Where I live, a south wall receives 1000 Btu/ft^2 of sun on a 30 F January day, in about 6 hours. With 80% solar transmission, the 128 ft^2 south wall would transmit 128ft^2x0.8x1000Btu/ft^2/6h = 17067 Btu/h, raising the house temp to 30+17067/87 = 226 F for 6 hours/day before it drops back to 30 F, theoretically.
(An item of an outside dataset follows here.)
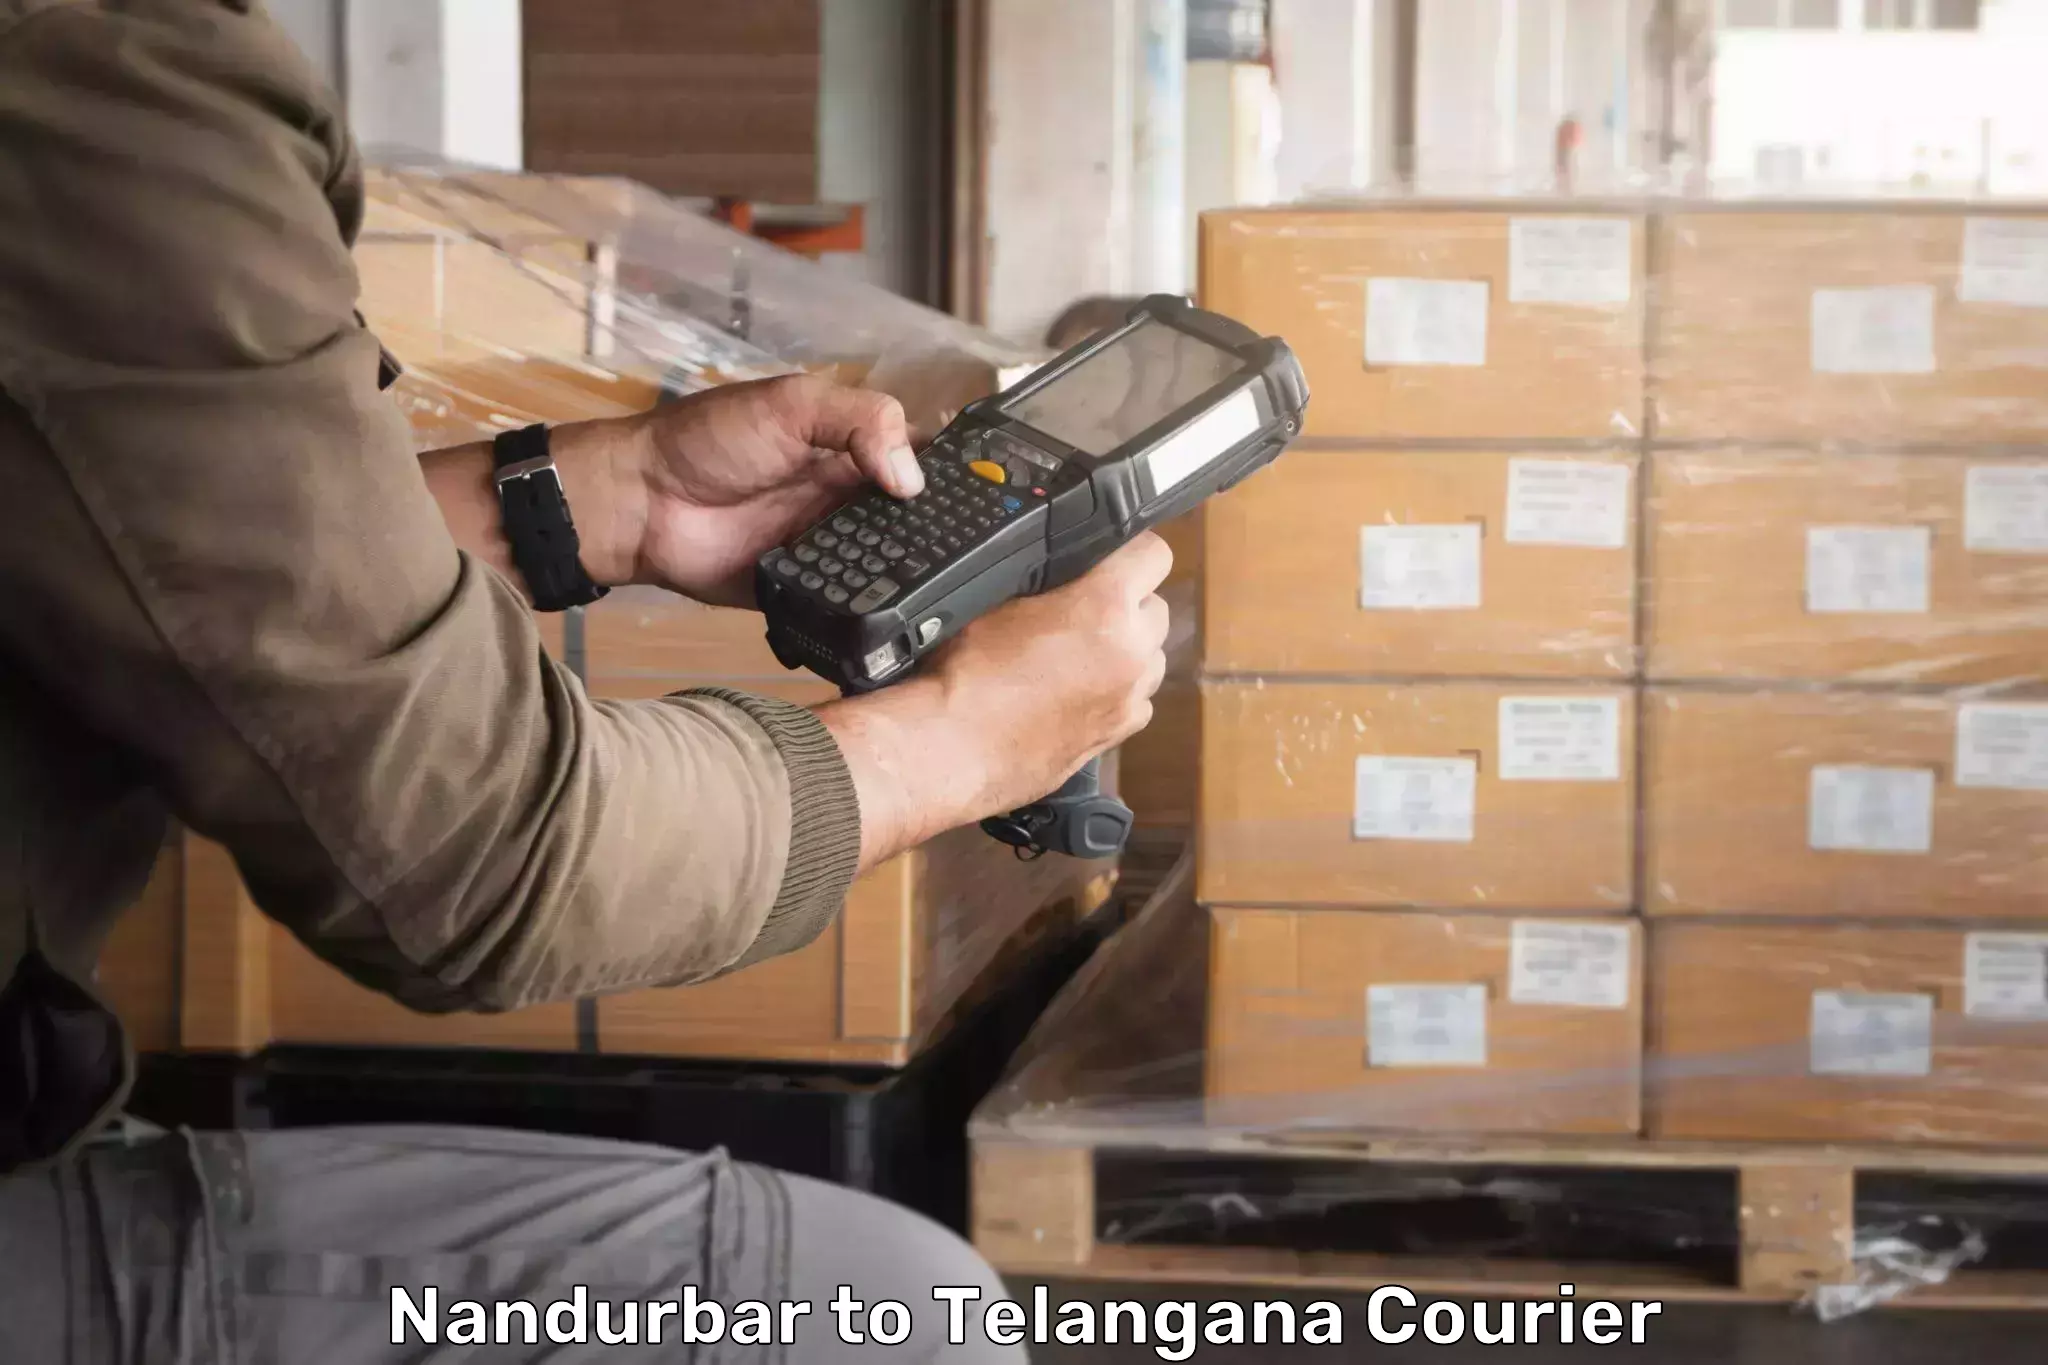 Track and trace shipping Nandurbar to Gangadhara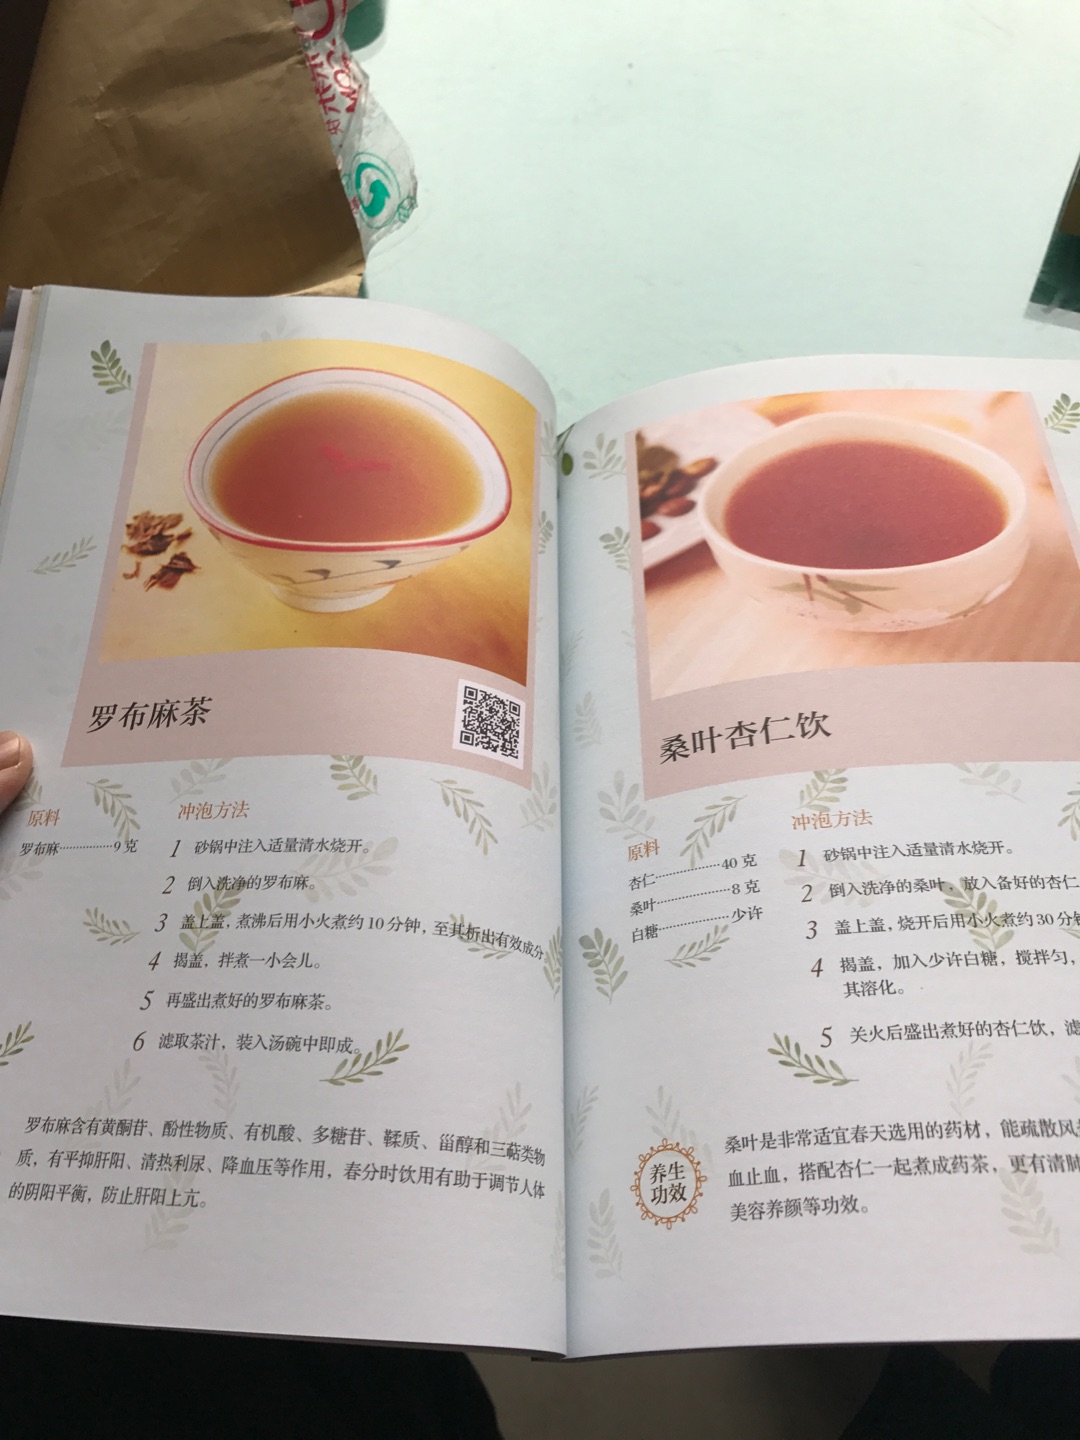 介绍怎么泡茶煮茶，图文并茂，就是书来的时候没有塑封，其他都挺好的

With LOTS of thermal mass and mass surface, the south wall would transmit 102,400 Btu of sun on an average January day, ie 102400/24h = 4267 Btu/h, making the greenhouse a constant 30 + 4267/87 = 69 F.

>I also have 2 55 gallon barrels I could fill and use to replace my current work bench area.

Each drum would have about 500 Btu/F of thermal mass and 40 ft^2 of mass surface and 60 Btu/h-F of air-water surface conductance with a thermal equivalent circuit like this, viewed in a fixed font (Tg is the house air temperature):

17067 Btu/h Tg
--       |      1/87
|---|—>|------*------vvv--- 30 F
--       |
|
<
< 1/120  (How do we post in a fixed font?)
<
|
|
---
--- 1000
|
|
-

with a Thevenin equivalent circuit like this:

1/87
----www----
|           |
|           |
|           <
| Vt        < 1/120       Vt = 30 + 17067/87 = 226 F.
---          <
-           |
|           |
|          ---
-          --- 1000 Btu/F
|
|
-

which is equivalent to:

1/50
----www------- T
|           |
| 226 F     |
---         ---
-          --- 1000 Btu/F
|           |
|           |
-           -

with water temp T and a 1000/50 = 20 hour RC time constant.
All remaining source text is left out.